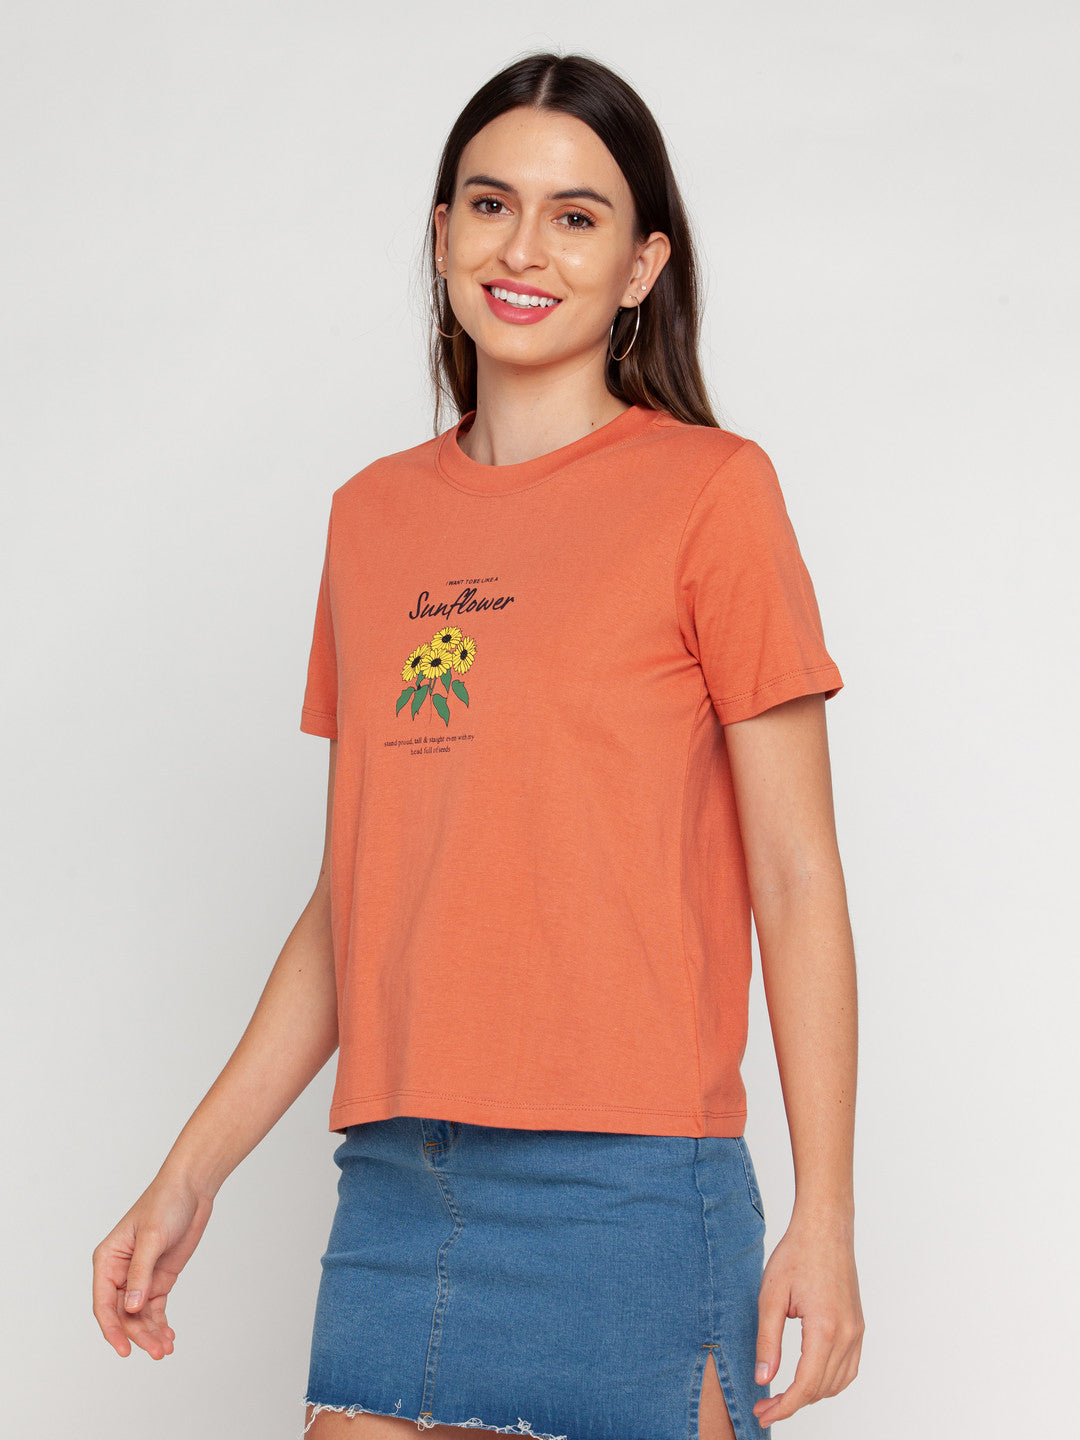 Brown Printed T-Shirt For Women
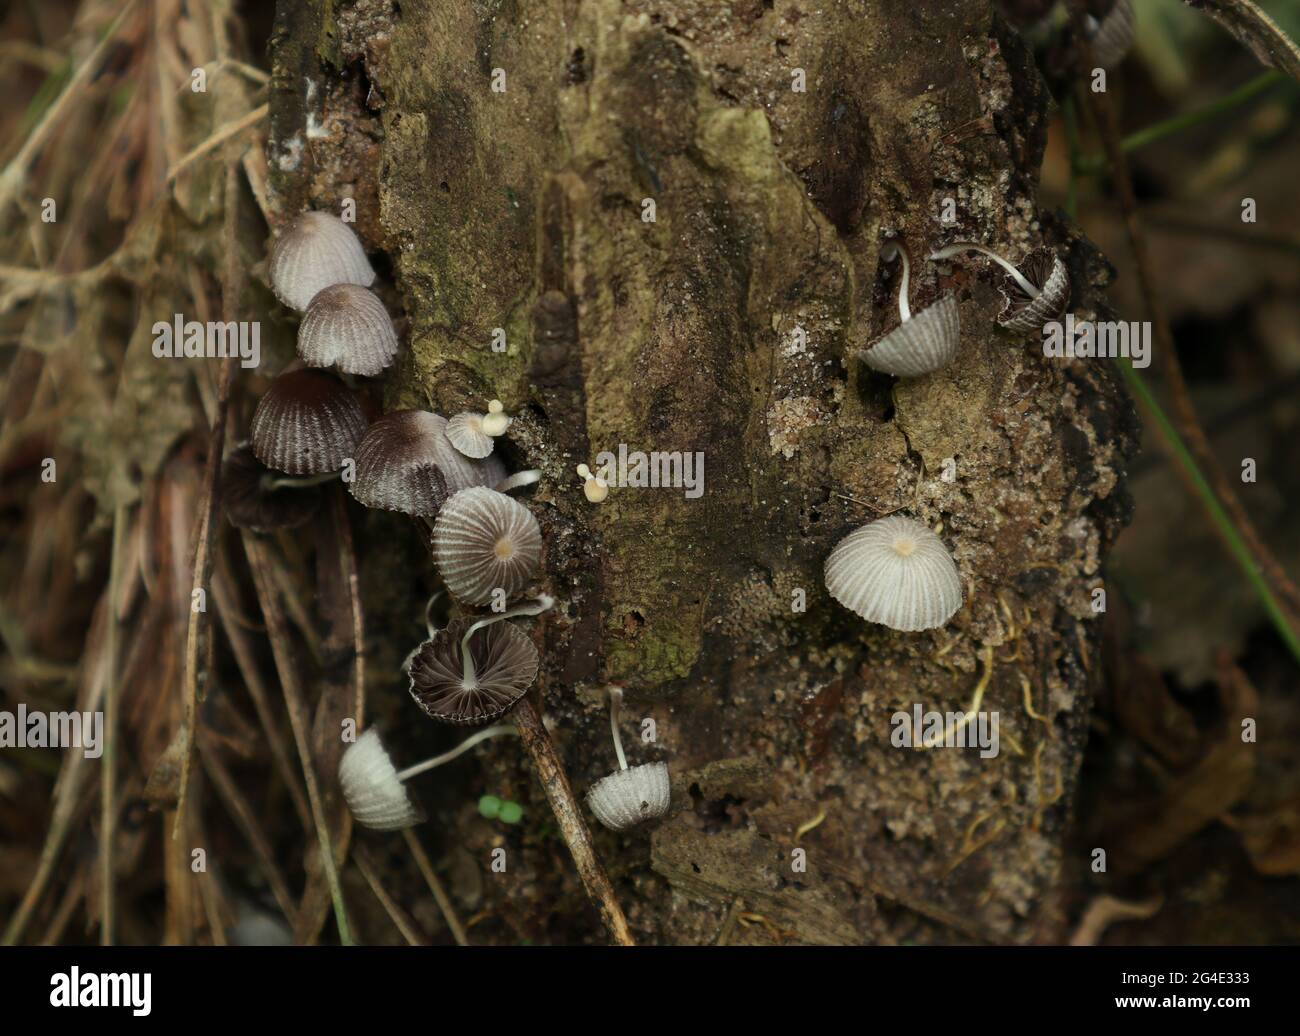 Close up of several tiny hood mushrooms on a dead plant stem that is turning to soil Stock Photo
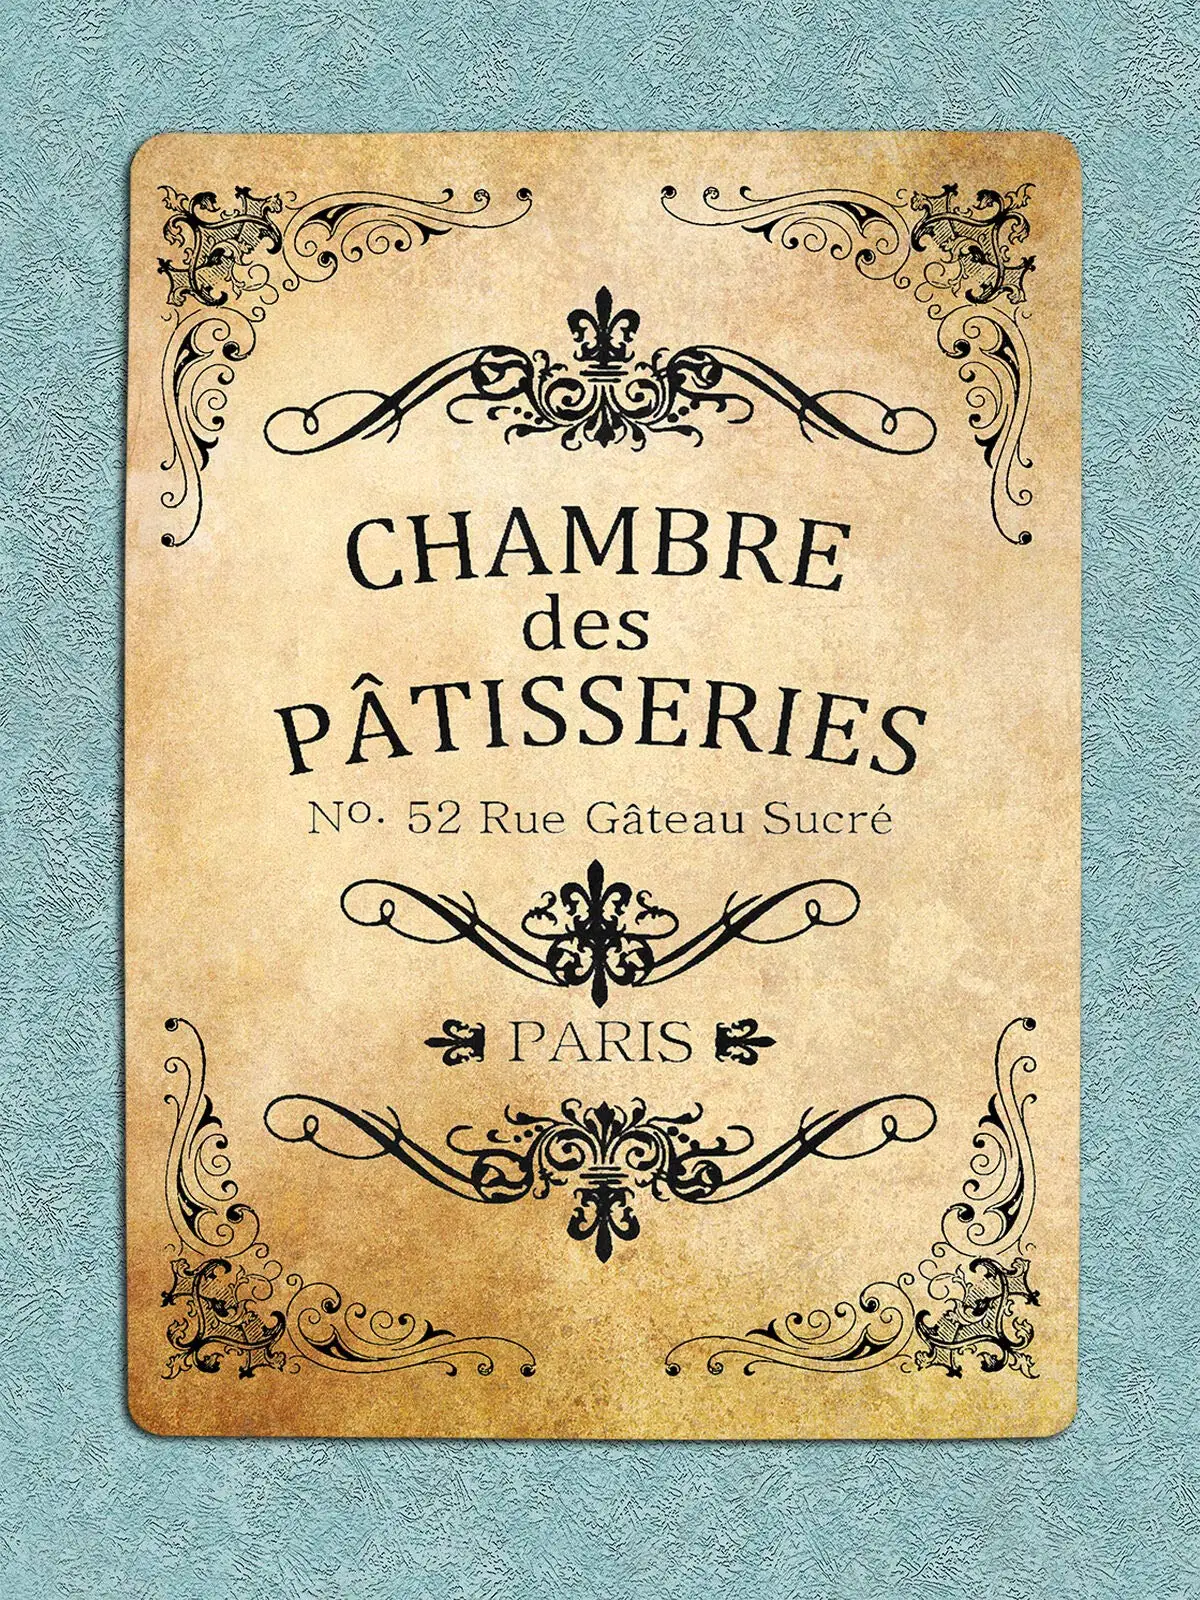 

New Vintage Metal French Paris Chamber Des Patisseries Pastry Room Street Garage & Home Bar Club Kitchen Hotel Wall Decor M

########

Your assignment
All of the data needs repeating exactly, but the pictures do not.

Response area
 Brown Printed T-Shirt For Women
 Close up of several tiny hood mushrooms on a dead plant stem that is turning to soil Stock Photo

New Vintage Metal French Paris Chamber Des Patisseries Pastry Room Street Garage & Home Bar Club Kitchen Hotel Wall Decor M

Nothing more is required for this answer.